Ketika malam tiba, perempuan muda itu ingat pesan gurunya, bahwa dia bisa membuka pintu kamar khusus yang selama ini terkunci. Maka, didorong oleh rasa penasaran, dibukanya pintu kamar yang selama ini terkunci rapat.

Begitu masuk ke dalam kamar, tiba-tiba seluruh kesadarannya adalah semua jenis kebahagiaan seorang perempuan yang memimpikan pernikahan. Dia melihat dirinya bersanding berjajar di tengah-tengah diapit bersama Jafar, pemuda dekil dan Kiai Kambali. Dalam sebuah pelaminan yang indah itu, matanya seolah-olah melihat bunga-bunga yang berasal dari kebun bunganya. Di dalam pesta itu tampak pula dayang-dayang yang berdiri berjajar di depan pelaminan. Tubuhnya bergetar, sulit sekali rasanya benaknya memahami itu semua. Dengan perasaan yang seperti diayun-ayun, dia mencoba bertanya mengapa bisa menikahi tiga pria sekaligus dalam seketika. Tapi seluruh pertanyaannya itu tiba-tiba lenyap begitu saja ketika dirinyaerasakan betapa seluruh hasrat, rasa senang dan bahagianya telah mencapai puncaknya tanpa bisa dipungkiri. Ketiga pria itu baginya sama saja.

Tak ada yang bercerita bagaimana perempuan muda nan cantik itu berbagi ranjang.

 Cerita yang ada adalah, dia hidup bahagia berlimpah kekayaan bersama tiga suami yang tak pernah disaksikan secara nyata oleh masyarakat sekitarnya.

Demikianlah, kisah perempuan muda nan cantik itu terus diceritakan, dengan tambahan bumbu-bumbu yang setiap waktu bisa berubah rasa dan ceritanya, oleh para ibu yang terpesona dan cemburu dengan keberuntungan perempuan muda nan cantik itu. Juga oleh para pemuda pengangguran yang nestapa dan tak bahagia karena ditolak cintanya, dan juga karena kemiskinan yang mendera. Kisah itu terus diucapkan, setiap saat, setiap waktu dan ketika mereka sempat.
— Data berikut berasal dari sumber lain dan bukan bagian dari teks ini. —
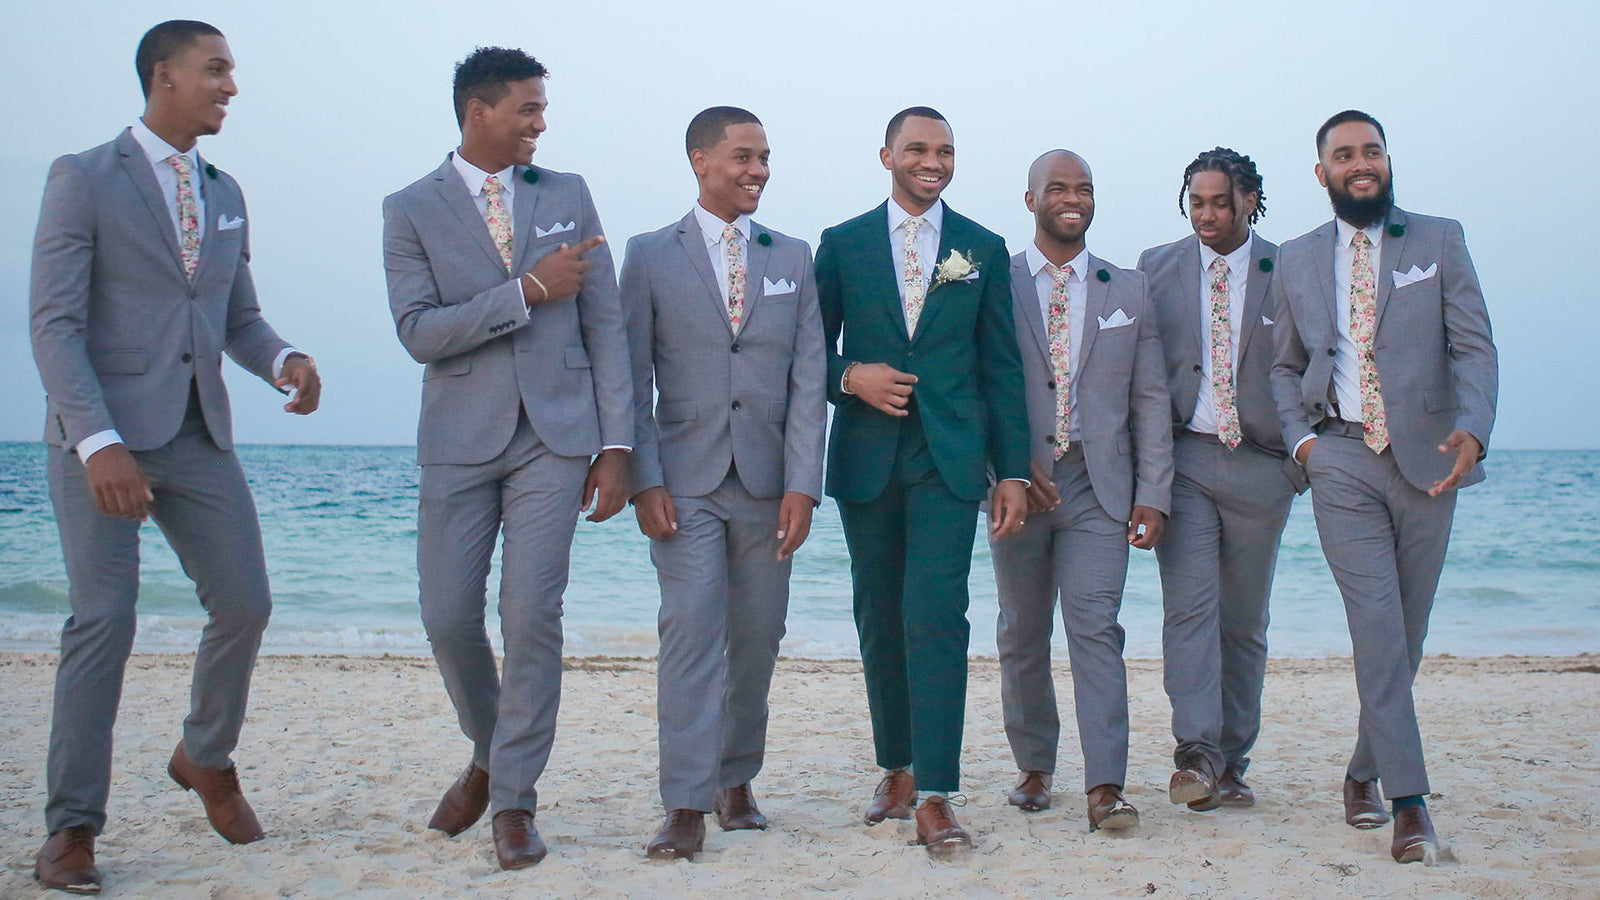 Men's 3 Piece Suit Set Wedding Brown Tuxedo Groomsmen Party Wear African  Custom Ivory Suit Jacket -  Canada

Sebagian dari mereka yang memiliki nyali, kemudian datang untuk melihat kebenarannya di kebun bunga yang diurus oleh pemuda cakap mirip Kiai Kambali dan mengaku bernama Bendro. Terkadang Jafar.

Sebagian masyarakat yang lain, berbondong-bondong mendatangi pondok Kiai Kambali untuk meminta mantra-mantra tertentu agar bernasib sama seperti perempuan muda nan cantik itu. Sebagian yang lain, bahkan  nekad pergi ke gua di tepi Sungai Silugonggo untuk bertirakat, meniru laku Kiai Kambali, dengan harapan mendapatkan kesaktian yang mampu menaklukkan dunia yang keras ini. Semua itu berkat kisah cinta perempuan yang diberkati Kiai Kambali. Seorang kiai, yang bila berjalan, selalu diringi seribu jin –yang semua itu, bisa dilihat oleh semua mahluk di dunia ini kecuali manusia.